Python Lab¶

Introduction to python for scientific computing¶

In [ ]:

%matplotlib inline
import pandas as pd
import numpy as np
import pysal as ps
import matplotlib.pyplot as plt

`pandas`¶

Data structures to read, interact, transform and write structured data.

Read your data:

In [ ]:

db = pd.read_csv('../workshop_data/Houston_pop00.csv')
db.info()

Explore it:

In [ ]:

db.head()

In [ ]:

db.tail()

In [ ]:

db.describe().T

Advanced subsetting:

In [ ]:

downtown = db[db['dcbd'] < 15]
downtown.info()

And many more operations on tabular (multi-)indexed data. Check the documentation for more info and tutorials.

`numpy`¶

numpy and scipy are the foundational libraries for any kind of numeric computing in Python. Numpy offers the efficient matrix structure denominated array or ndarray (Numpy data array) as well as some basic statistical functions that may be applied to arrays.

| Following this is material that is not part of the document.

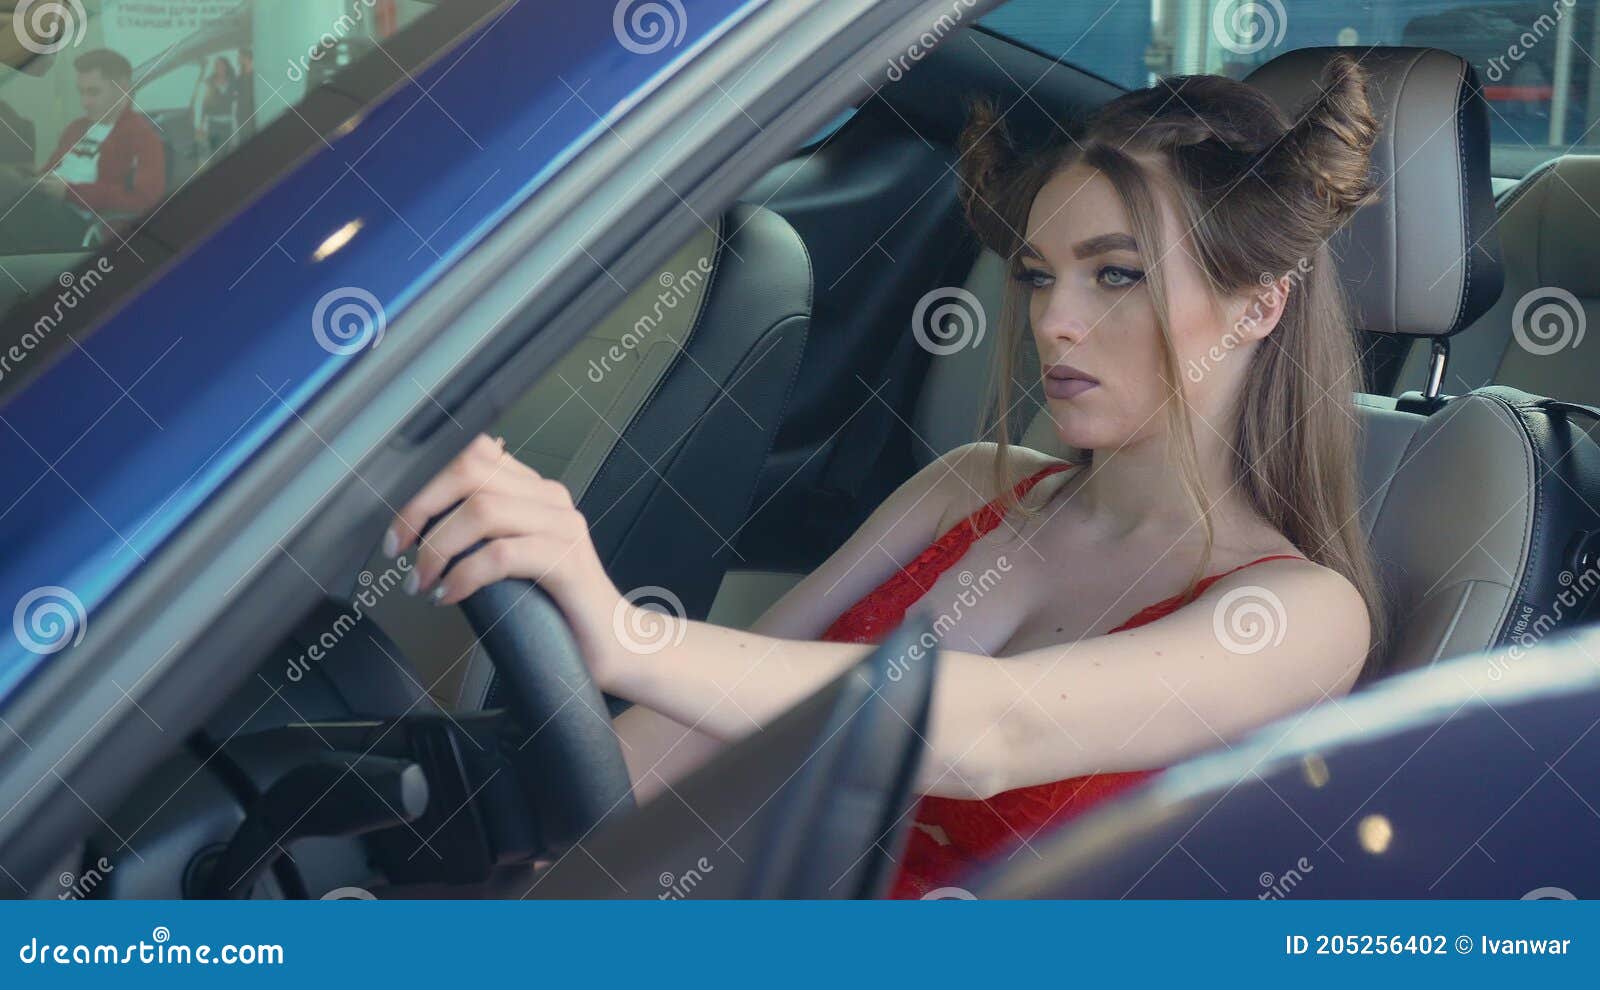 Best of Driving in underwear

To whet your appetite, let's first create a simple array. You can do this from a pre-existing Python list, for example:

In [ ]:

l = [1, 2, 3, 4]
a = np.array(l)
a

At first sight, a is not very different from l; however, under the hood, it provides much more efficient structures for data manipulation (including C-optimized functions and other performance enhancements). Arrays contain only one data type and may have several dimensions, opening up the door for very fancy matrix manipulation.

In [ ]:

print type(a[0])
l += 'a'
a = np.array(l)
print type(a[0])

In [ ]:

l = [[1, 2], [3, 4], [5, 6]]
a = np.array(l)
print 'Array a has a dimension of: ', a.shape
print a

numpy supports operations betwee arrays, such as sumation, difference, multiplication and division:

In [ ]:

a = np.random.random((3, 2))
b = np.random.random((2, 3))
a, b

In [ ]:

# Sum (note the transpose for dimensionality alignment)
a + b.T

In [ ]:

# Difference (note the transpose for dimensionality alignment)
a - b.T

In [ ]:

# Matrix product
c = np.dot(a, b)
c

In [ ]:

# Matrix division by a scalar
c = a / 2.
c

scipy is the sister library of Numpy and offers a wide arrange of statistical functions to operate on Numpy arrays. This provides much of the functionality that you find in the core packages of other statistical languages like R (in the r-base package) or Matlab.

Besides the core of scipy, the project also includes additional packages called scikits that expand the main functionality in some particular way. Check out the scikits website to get a sense of what is covered.

pandas heavily relies on numpy under the hood, and it inherits many of its capabilities. For example, we can operate on vectors as one would do on numpy arrays:

In [ ]:

db['pop_dens'] = db['POP00'] / db['ALAND']

`matplotlib`¶

matplotlib is the main tool for static graphical display in Python. It provides 2D and 3D functionality to plot data in a static way. The library may not appear as very intuitive at first, but if you get over the learning curve, it is extremely flexible and it allows to tweak every aspect of a figure. Because of its focus on flexibility, the defaults may not be the prettiest, but with some work on them, Matplotlib can create beautiful figures that rival in quality with any other library for static plotting (such as R's ggplot2).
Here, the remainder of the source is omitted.